JAMES MAY: OH COOK is a British reality show featuring former Top Gear host James May as he hosts a cooking series without really knowing how to cook. May has been hired to write a cookbook that includes simple recipes that can be made with basic ingredients in a simple kitchen. Now he’s presenting these recipes in front of the camera for the accompanying TV show. As he prepares ingredients and cooks dishes, he reveals some of the TV production tricks used to make the cooking process -- and the finished plated products -- look easy and beautiful on popular cooking series. Also helping him through it is home economist Nikki Morgan, who pops in and out when he needs assistance. From Asian fusion dishes to pub-style food, May attempts to plate up some edible dishes, while the TV crew tries to keep things together. 

Is it any good?

Each 30-minute episode stars James May hosting a cooking show without relying on the traditional hosting style and food presentation elements the genre is known for. In addition to his dry banter, May breaks the fourth wall, and addresses the television crew directly as he cooks, which leads to some distracting moments. Thanks to the magic of editing, the meals are completed. But the range of awkward disruptions makes following the preparation process a little tedious at times.  

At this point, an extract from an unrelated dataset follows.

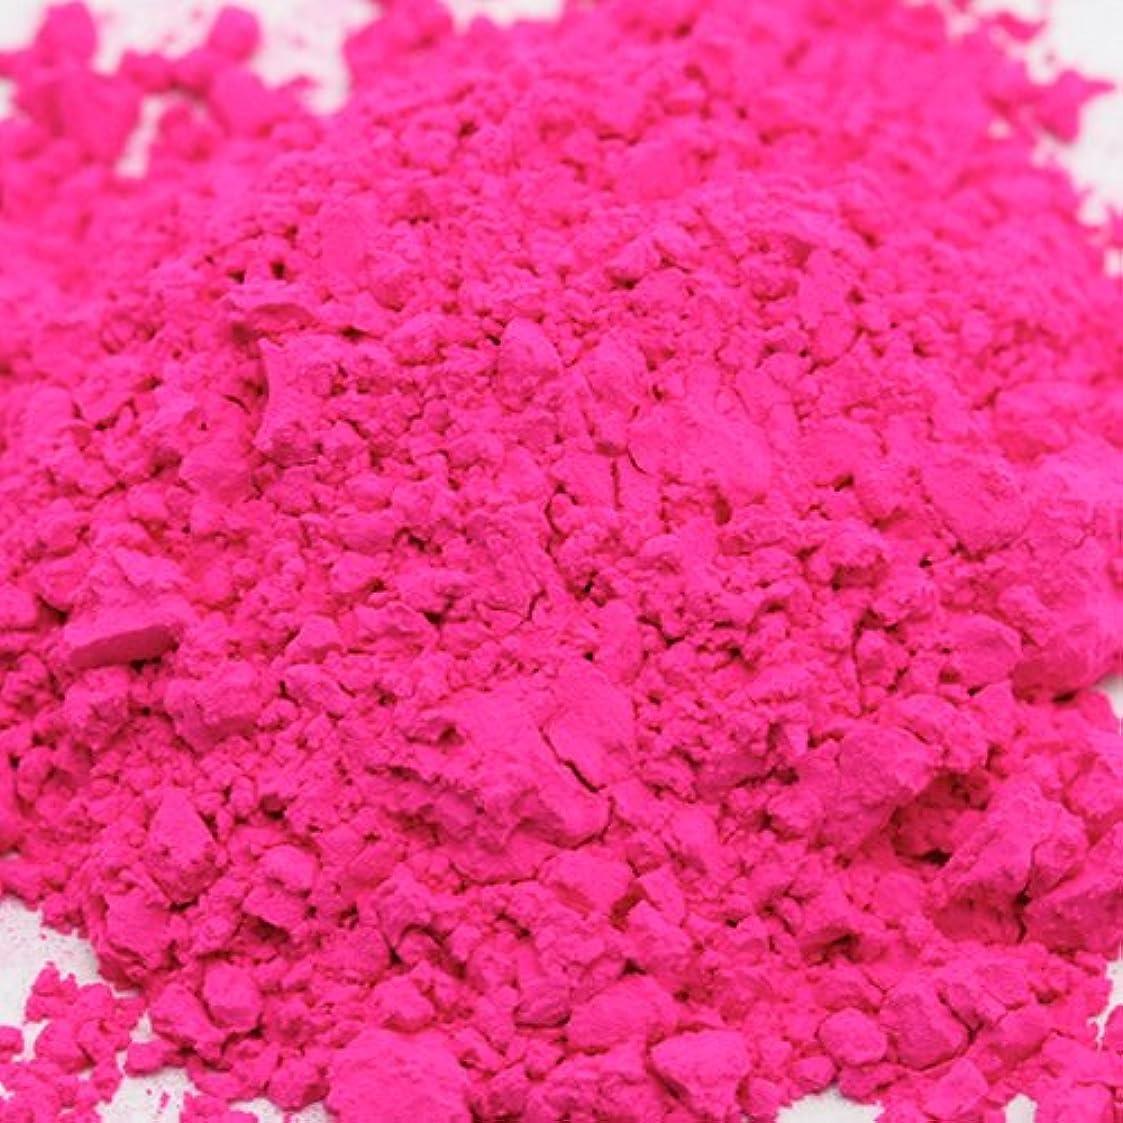 シェトランド諸島考えた仕立て屋キャンディカラー ピンク 20g 【手作り石鹸/手作りコスメ/色付け/カラーラント】

James May: Oh Cook features some interesting recipes, which May rounds out by offering some details about the history of certain ingredients. His inability to name some of the more sophisticated utensils or techniques he is using leads to some humorous moments. But the constant reminders about the cookbook he's writing makes the overall show feel more like a promotional vehicle than something designed to give good cooking advice. Nonetheless, folks who enjoy a combination of cooking details with British sarcasm might appreciate it.  

Talk to your kids about ...

  • Families can talk about cooking. Do you ever cook things you’ve seen being prepared on cooking shows? Does the food look as good as it does on TV when you’re done? What tricks do TV producers use to make the food look appetizing and easy to make?

  • James May: Oh Cook  is a promotional vehicle for James May’s cookbook, but it also highlights some of production work that goes into a cooking show. Is there anything about the production process that surprises you? Does this information make you think differently about these types of TV programs?

  • Are there things about May and the meals he creates that feel distinctly British to you? What can we learn about other cultures and countries based on their culinary customs and creations?